Purchaser agrees to defend, indemnify and hold Seller harmless from and against all claims, losses, damages, penalties, costs and/or expenses for damage to property of whatsoever kind or nature, or injury to persons arising out of performance under this Contract by Purchaser, its agents or employees. Purchaser’s duty to indemnify Seller for liability and/or damages arising out of bodily injury to persons or damage to property caused by or resulting from the concurrent negligence of Seller and Purchaser shall apply only to the extent of the negligence of Purchaser, its agents or employees. Purchaser’s indemnification obligations hereunder shall exclude claims, losses, liabilities, costs or expenses for damage to property of whatsoever kind or nature, or injury to persons arising out of performance under this Agreement from the sole negligence of the Seller, its agents or employees.

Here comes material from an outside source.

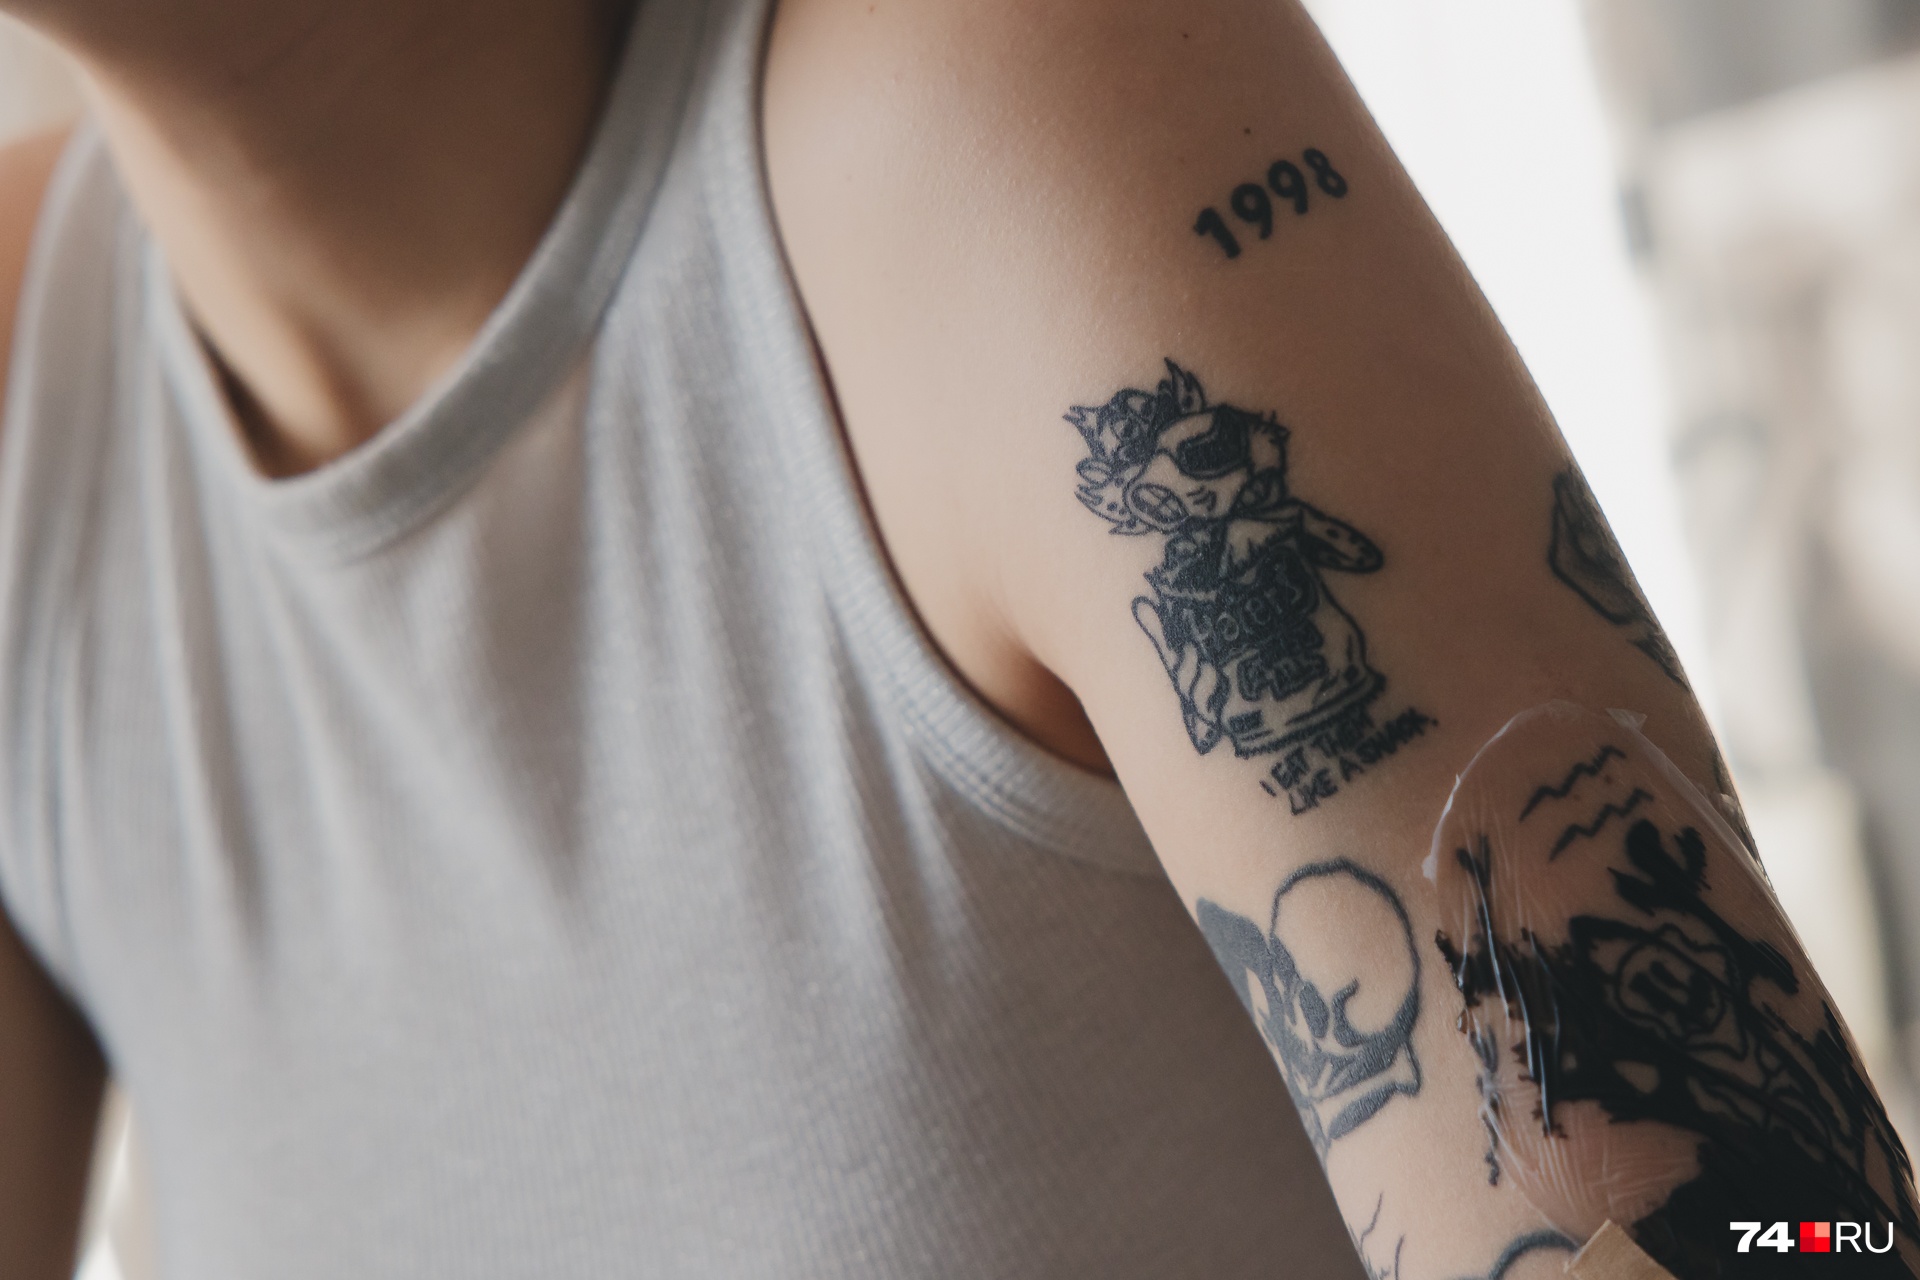 Молодость — время делать татуировки: на плече девушки уже выбиты год рождения, гепард из рекламы, ящерица и розы

Purchaser must provide a safe delivery site and comply with all federal, state and local safety laws, rules, ordinances and other requirements. Purchaser shall indemnify and hold harmless Seller, its agents, employees and contractors from, and shall defend any and all actions, claims, suits or proceedings that may subject Seller to liability arising from Purchaser’s failure or inability to properly handle the products or materials, or provide a safe delivery site. Seller agrees that, when its employees, agents or contractors deliver the products or materials purchased hereunder, it and they shall comply with all federal, state and local safety requirements.
11. STOP WORK
If credit conditions become unsatisfactory at any time prior to Seller’s completion of the work hereunder, Purchaser shall furnish adequate security upon Seller’s request. To the extent Purchaser fails to provide adequate security, as determined in Seller’s sole discretion, Seller may stop work.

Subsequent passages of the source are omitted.